With the above two questions in mind, we set out to, first, determine the year’s business priorities and the changes to OCM that enable those priorities.
So, we decided to look into the future, i.e., beyond the next calendar year, and see if we could get a picture of the longer-term value of OCM. In doing so, it became obvious that the changes needed to be tied to the way humans change. OCM aligning with the way humans change. Imagine that!
That created five challenges that govern our thinking. They are:
- Humans’ desire to retain control.
- Humans’ desire credible leadership.
- Humans’ preference and success in learning by doing.
- Humans’ desire to understand the “bigger” picture.
- Humans’ desire to be a part of something that matters. Something that makes a difference.
In this post, we will look at Challenge # 2: Humans’ desire to work with credible leadership.
Challenge #2 – Humans Desire Credible Leadership
- Credible (knowledgeable and trustworthy) leadership is perhaps the most important variable in ensuring change. It is the foundation needed for humans to change.
- Case in point…. from our last blog we talked about the need humans must have to believe they are in control… or feel they have as much control as they can get. This allows them to adapt to changes more rapidly. Study after study indicates that even if you are sharing bad news, humans want to know what it is and how it impacts them.

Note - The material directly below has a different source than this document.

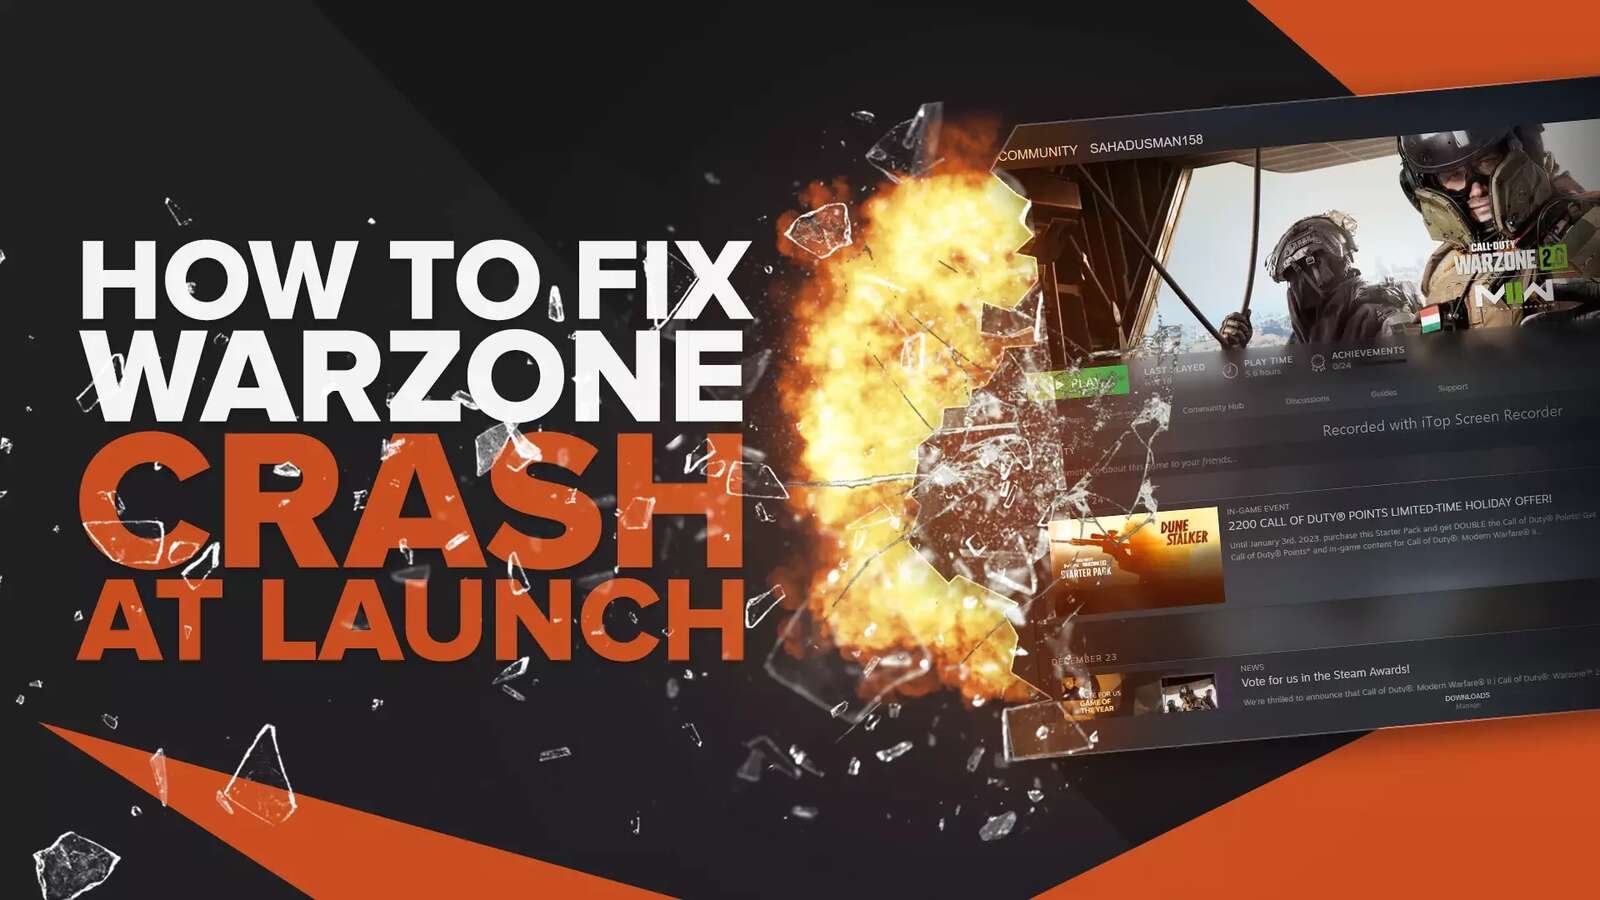 How Do I Fix The Call Of Duty Warzone Crash-at-launch Issue on PC?

- Perhaps this is obvious, but trust in leadership is the lynch pin that makes this work. If people don’t believe what leadership is telling them, or what they are hearing, they will not change! It’s that simple.
- What isn’t simple is building and maintaining that foundation of trust at many levels and across the organization.
- While transparency regarding the future is a good start, it is not all of it. Leaders must own successful change. While not expected to perform the tactics of a change management program, they do need to be aware of their responsibilities, how change impacts the bottom line, where points of resistance exist and their responsibility in managing them, and the impacts of the change to their employees.
How it works today:
- The role of credible leadership today is primarily addressed with communications that are transparent, high level, and aimed at creating excitement about the future.
- The process and art of management of expectations is not fully understood by leadership. The overwhelming approach is to wait to communicate until they have all the answers.
- Leadership does not fully understand what OCM is and its role in driving behavior change.
- Leadership is often less than proactive on issues that are most likely to present resistance and their role in mitigation.
- Leadership does not understand its specific accountability for the success of OCM.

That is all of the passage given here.